Longtime real-estate agent and developer Larry Henney built the
nearby Deerwoods complex of about a dozen upscale houses with the
subdivision ending about five yards from the turkey farm fence. Mr.
Henney, a customer of the farm, says he was up front with prospective
buyers about the gobbling neighbors and what goes on in the barn.
"Some folks it bothered, and some folks it didn't," says Mr. Henney,
who finished the subdivision in 2006. "But in most cases the wind
travels from the west to the east, so there really isn't any smell."
He says his work crews took special note of the turkeys one day
during construction when they had to take down a tree. "It was that time
of year, and the yard was loaded with turkeys," he recalls. "So when we
knocked down the tree, it shook the ground and scared the turkeys so
much that they literally passed out."
They popped back up about 20 seconds later. "It was amazing to see," he says.
Yvonne Curis lives in one of the Deerwoods houses and sees the birds
up close when she goes out to the cul-de-sac to check her mail. "It's
better having the farm there than a rowdy bunch of neighbors," she says.
"It also gives you a little taste of the country even though you are in
the city."
She refuses, though, to buy a bird from the farm. "I don't want to
look at an animal that I know is going to be killed and eaten," she
says.

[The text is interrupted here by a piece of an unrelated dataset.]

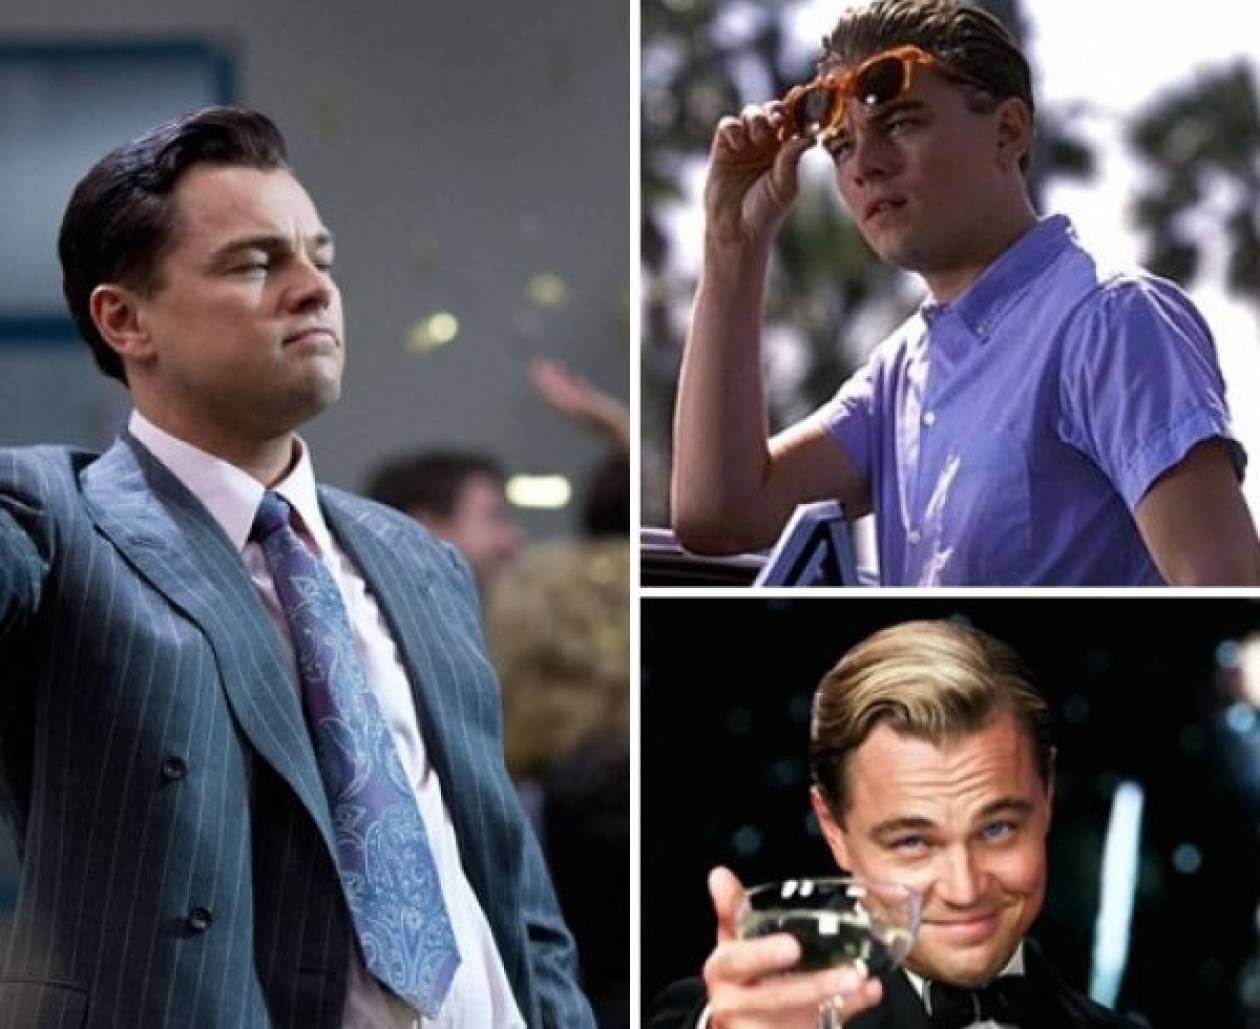 Ο άτυχος κύριος Di Caprio-Γιατί δεν έχει κερδίσει ΠΟΤΕ Όσκαρ

Instead, she says she recently bought a "19-pound Butterball" at
the grocery store.
On Monday, customers who ordered ahead will begin lining up at the barn, picking up their bagged bird and cooking instructions.
The turkeys range from 18 pounds for a hen to as much as 40 pounds for a tom, and sell for $3.29 a pound.
Roperti's rarely ships its turkeys. But each year, Ms. Roperti sends
one off to her sister in Florida. In exchange, she gets an annual
shipment of filet mignon, homemade gnocchi, crab claws and key lime pie,
all of which she serves at Thanksgiving.
"All my family works here and we really don't want to see another turkey," she says.